Personal information
- Full name: Facundo Nicolás Krüger
- Date of birth: 5 June 2000 (age 25)
- Place of birth: Ezeiza, Buenos Aires, Argentina
- Height: 1.84 m (6 ft 0 in)
- Position: Striker

Team information
- Current team: Temperley

Youth career
- 2012–2015: Arsenal de Sarandí
- 2015–2016: Deportivo Camioneros [es]
- 2016–2017: Tristán Suárez
- 2018: Cañuelas

Senior career*
- Years: Team / Apps / (Gls)
- 2018–2024: Cañuelas / 66 / (14)
- 2021: → Deportes Valdivia (loan) / 10 / (0)
- 2023: → Temperley (loan) / 27 / (5)
- 2024–: Temperley / 27 / (1)
- 2024–2025: → Barracas Central (loan) / 1 / (0)

= Facundo Krüger =

Argentine footballer

Facundo Nicolás Krüger (born 5 June 2000) is an Argentine footballer who plays as a striker for Temperley.

==Club career==
Born in Ezeiza, Buenos Aires, Argentina, Krüger was with Arsenal de Sarandí, Deportivo Camioneros and Tristán Suárez before joining Cañuelas in February 2018. In November of the same year, he made his debut with the first team against Deportivo Armenio under Roberto Sosa.

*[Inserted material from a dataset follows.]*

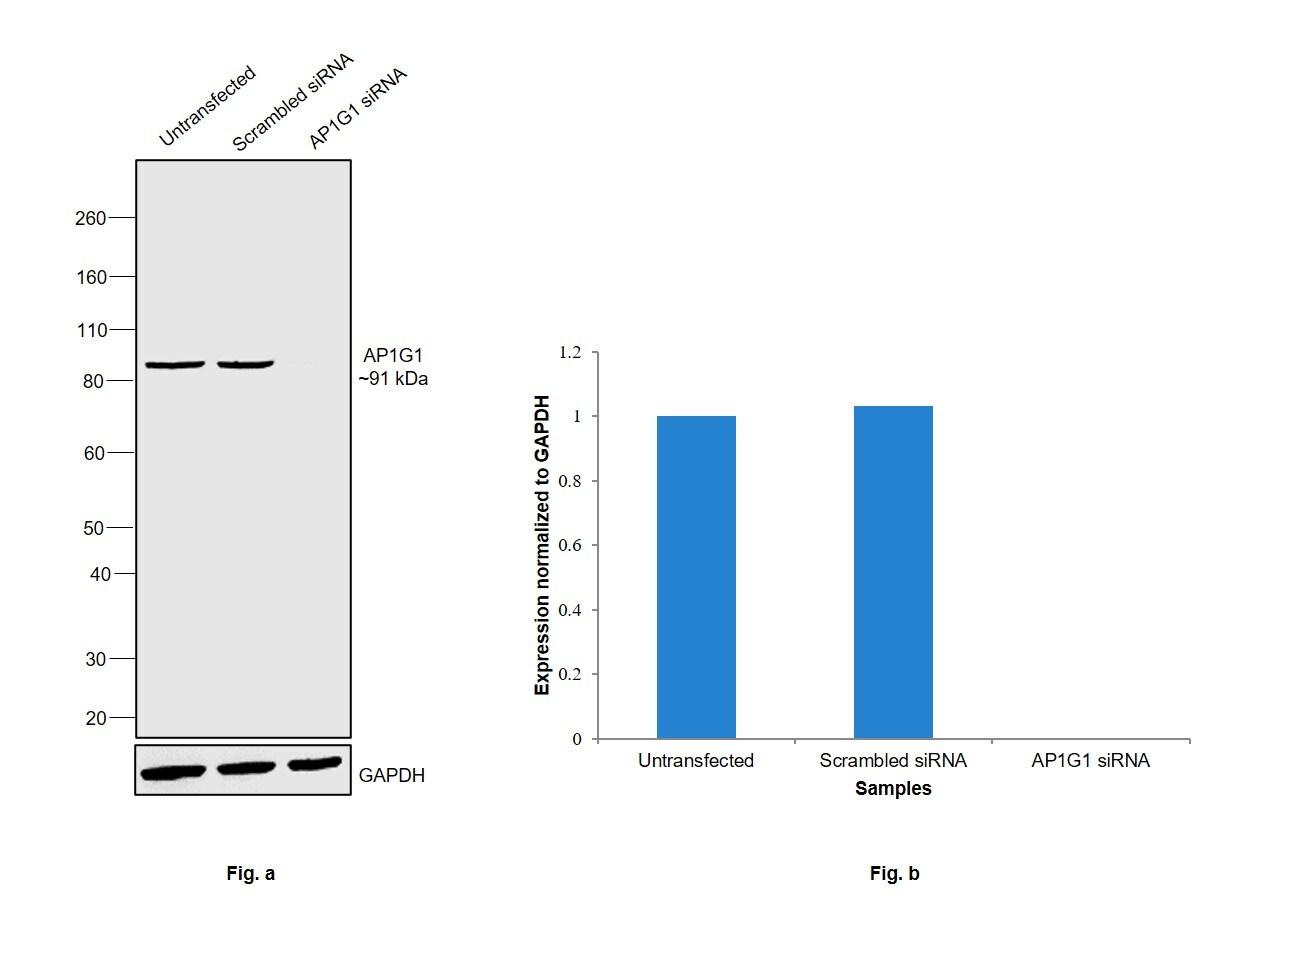 gamma Adaptin Antibody in Knockdown

He scored the goal with which Cañuelas won the 2019 Apertura of the Primera C. He also was a member of the squad that got promotion to the Primera B Metropolitana in the 2020 Transición of the Primera C.

In March 2021, he was loaned out to Chilean club Deportes Valdivia.

In the 2023 season, he was loaned out to Temperley with an option to buy. After his loan ended, he was permanently transferred to Temperley on a deal for three years.

On 29 June 2024, he joined Barracas Central on loan.

==Personal life==
As a youth player of Tristán Suárez in 2016, he suffered a serious car accident and a trimalleolar fracture. He returned to play in 2018.

His father, Héctor Peteco Krüger, played for Cañuelas at the end of the 1990s.